* [Task requirements]:
Output the lines from the one containing "Braut, Bräutigam, Kaltenkirchen-128" through the last line of the material below, exactly; please do not include pictures.

* [Supplied material]:

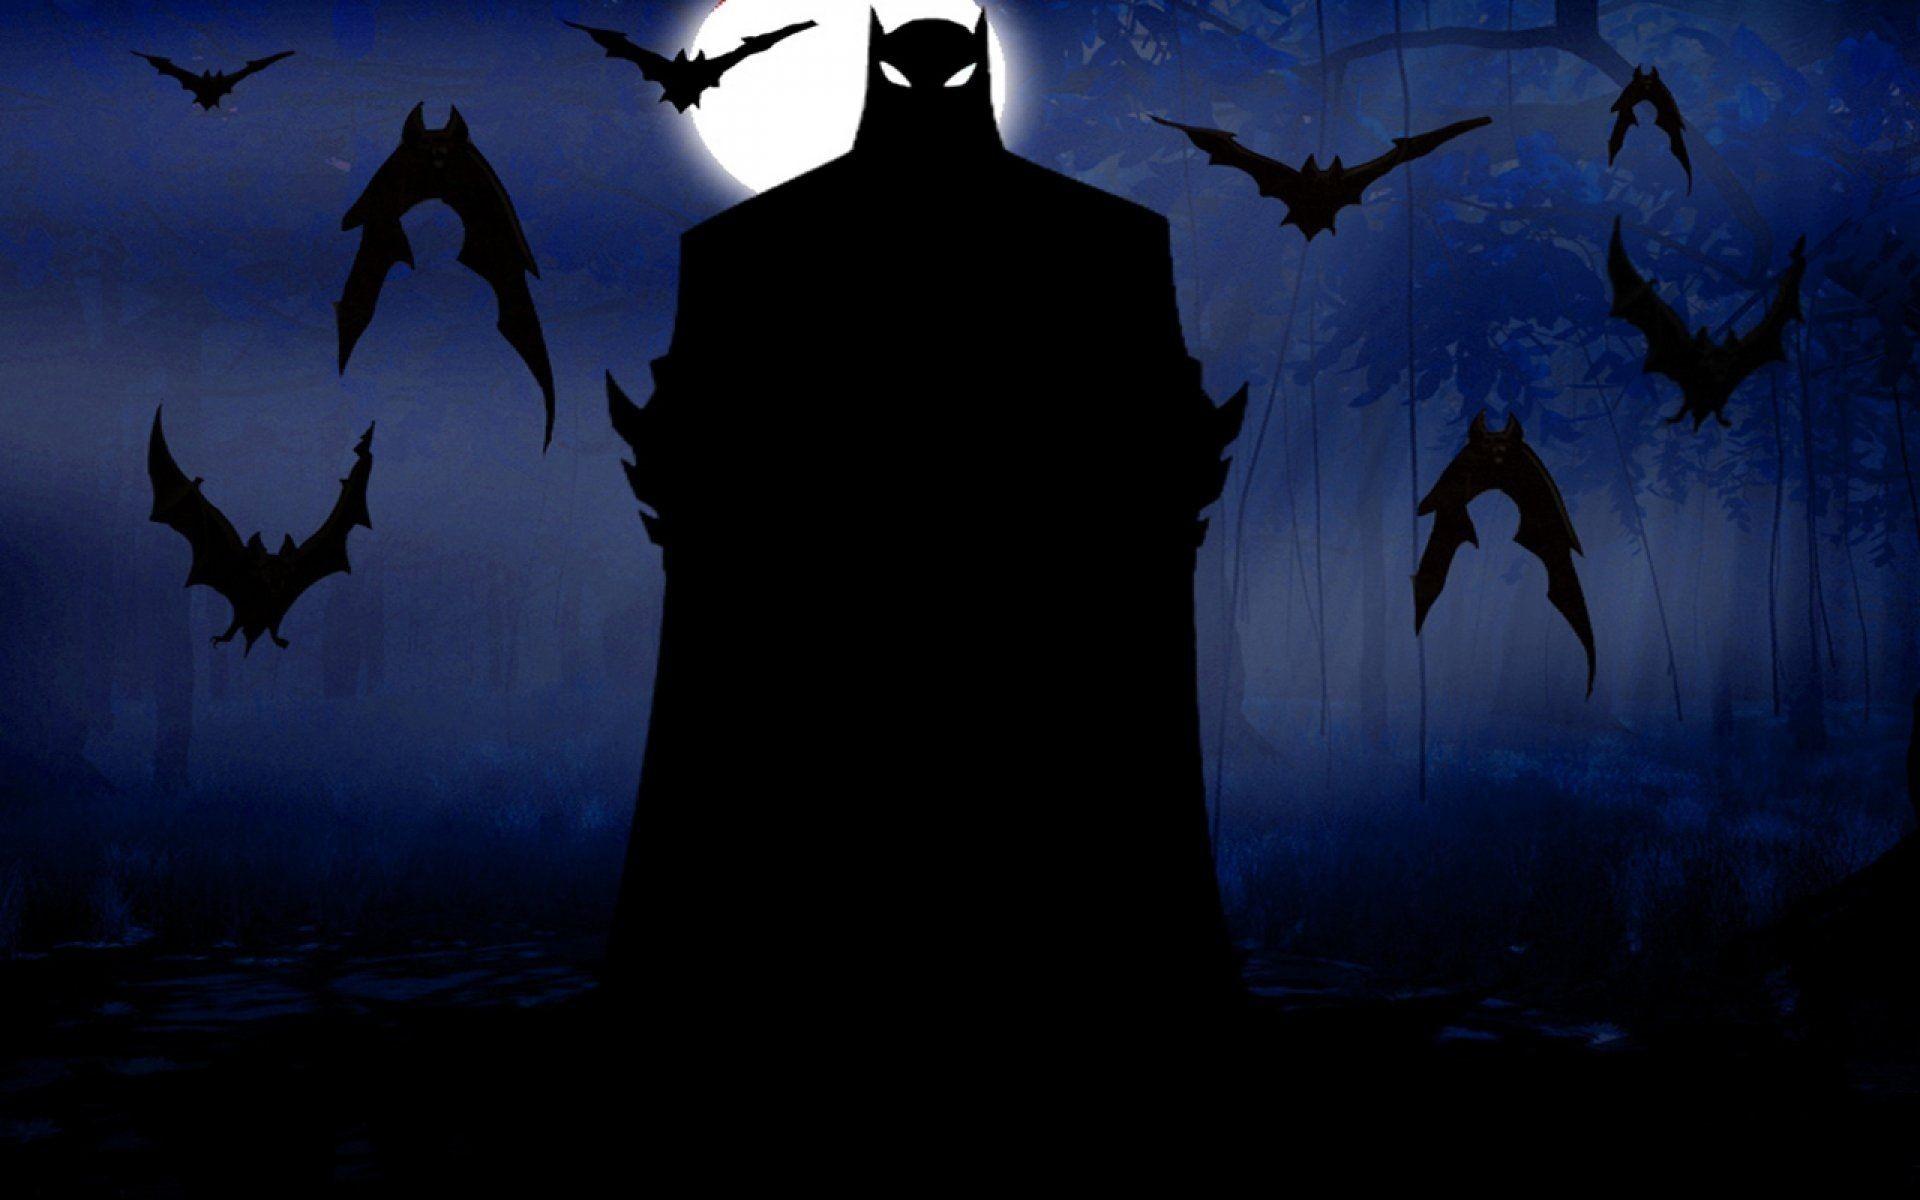 Res: 1920x1200, Top Batman Wallpaper Collection 1440×900 Batman animated wallpapers (39  Wallpapers) | Adorable Wallpapers
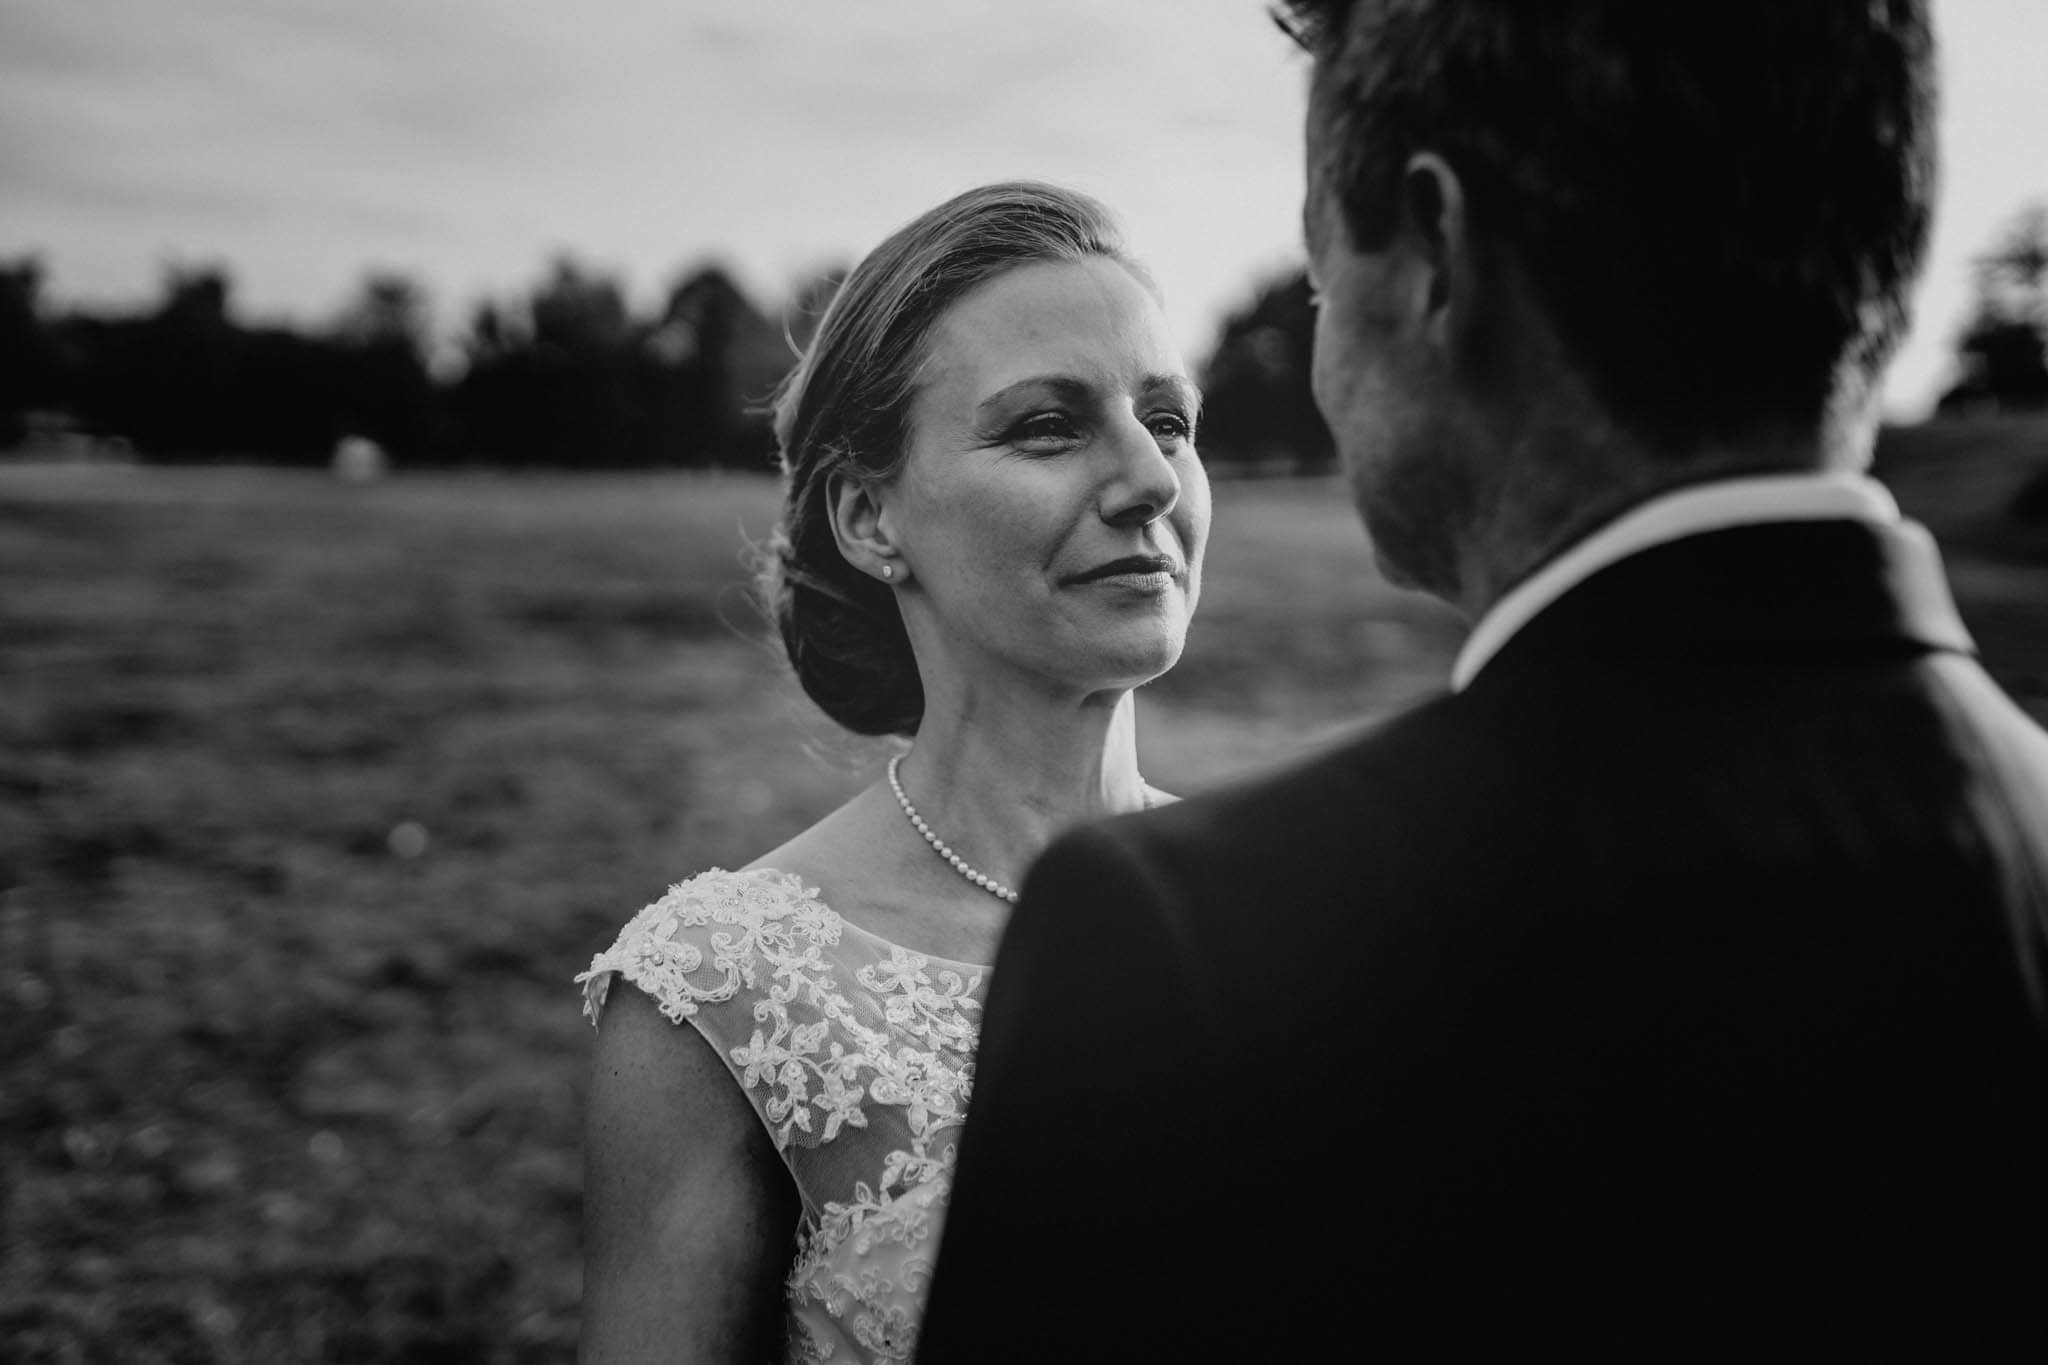 Hochzeitsfieber by Photo-Schomburg, Hochzeitsfotograf, Hamburg,Hochzeitstag, Hochzeitspaar, Braut, Bräutigam, Kaltenkirchen-128
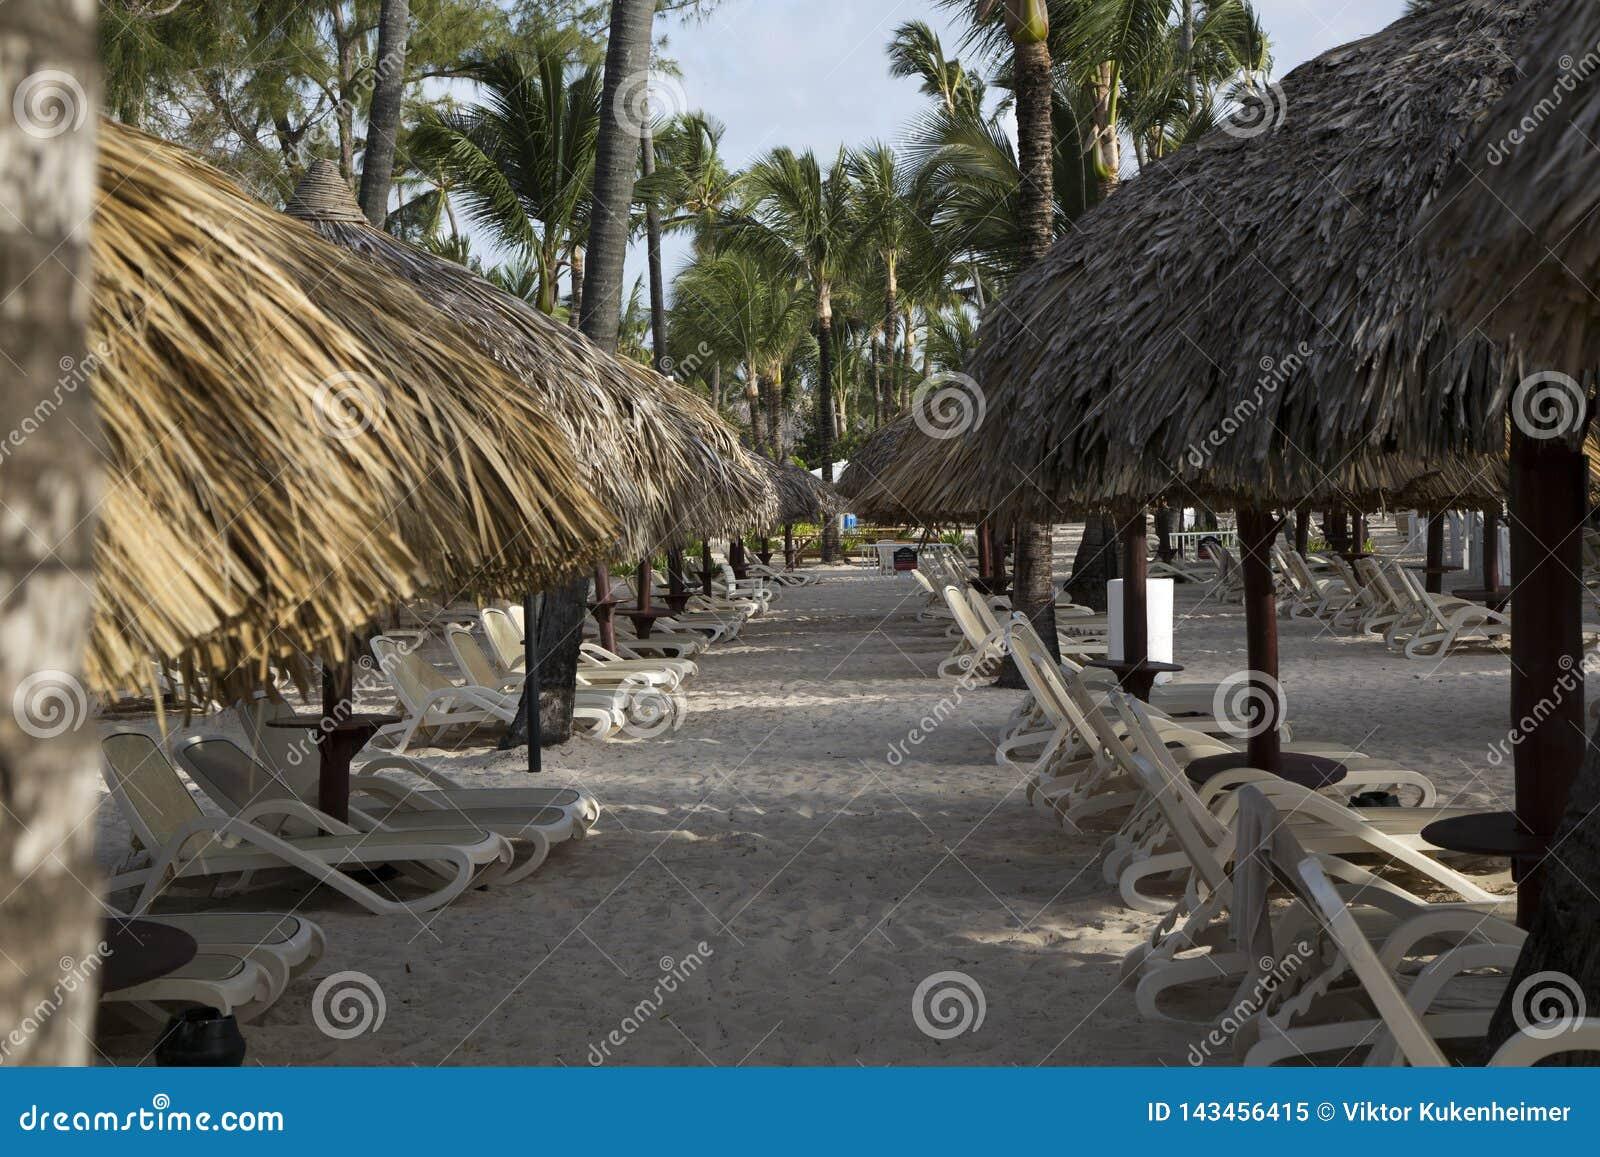 Каникулы морем в Доминиканской Республике

* [Response area]:
 Hochzeitsfieber by Photo-Schomburg, Hochzeitsfotograf, Hamburg,Hochzeitstag, Hochzeitspaar, Braut, Bräutigam, Kaltenkirchen-128
 Каникулы морем в Доминиканской Республике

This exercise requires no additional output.